The researchers followed 268 men for 72 years and counting. Oh, and one of the guys in the study just happened to be JFK (which apparently is a big reveal in and of itself, but we don’t get anything really juicy in the article because his files are sealed until 2040–mark your calendars!). The piece is long, educational, completely engrossing and beautifully written. You will need to consult your dictionary at least once before you finish reading it.

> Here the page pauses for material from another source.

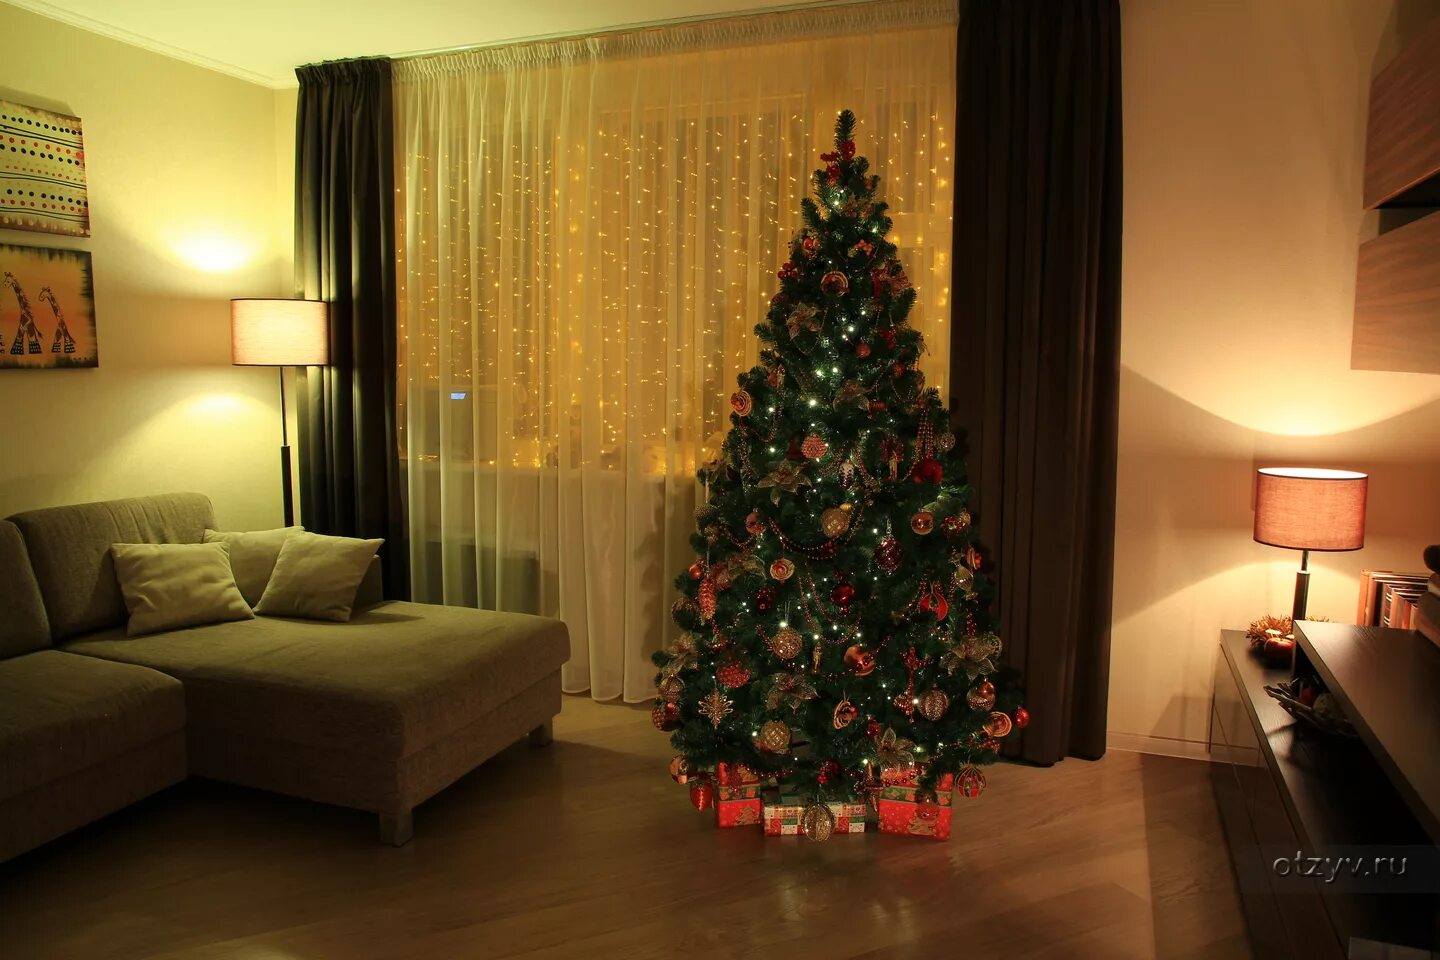 Посреди стояла красивая елка. Комната с елкой. Новогодняя елка в квартире. Красивая елка. Новогодний интерьер в квартире.

As a bonus, all the case studies address the subjects as “you” (a la the title of this post) which pulls you into the lives of all the men in really weird ways.
A few delightful excerpts and choice quotes to whet the appetite:
“They met in Mexico City, where she was the daughter of a prominent expatriate American banker and he was a hotshot archaeologist working on pre-Columbian Aztec digs.”
“…when we encounter a challenge large or small—a mother’s death or a broken shoelace—our defenses float us through the emotional swamp.”
“The study began in the spirit of laying lives out on a microscope slide. But it turned out that the lives were too big, too weird, too full of subtleties and contradictions to fit any easy conception of “successful living.” Arlie Bock had gone looking for binary conclusions—yeses and nos, dos and don’ts. But the enduring lessons would be paradoxical, not only on the substance of the men’s lives (the most inspiring triumphs were often studies in hardship) but also with respect to method: if it was to come to life, this cleaver-sharp science project would need the rounding influence of storytelling.”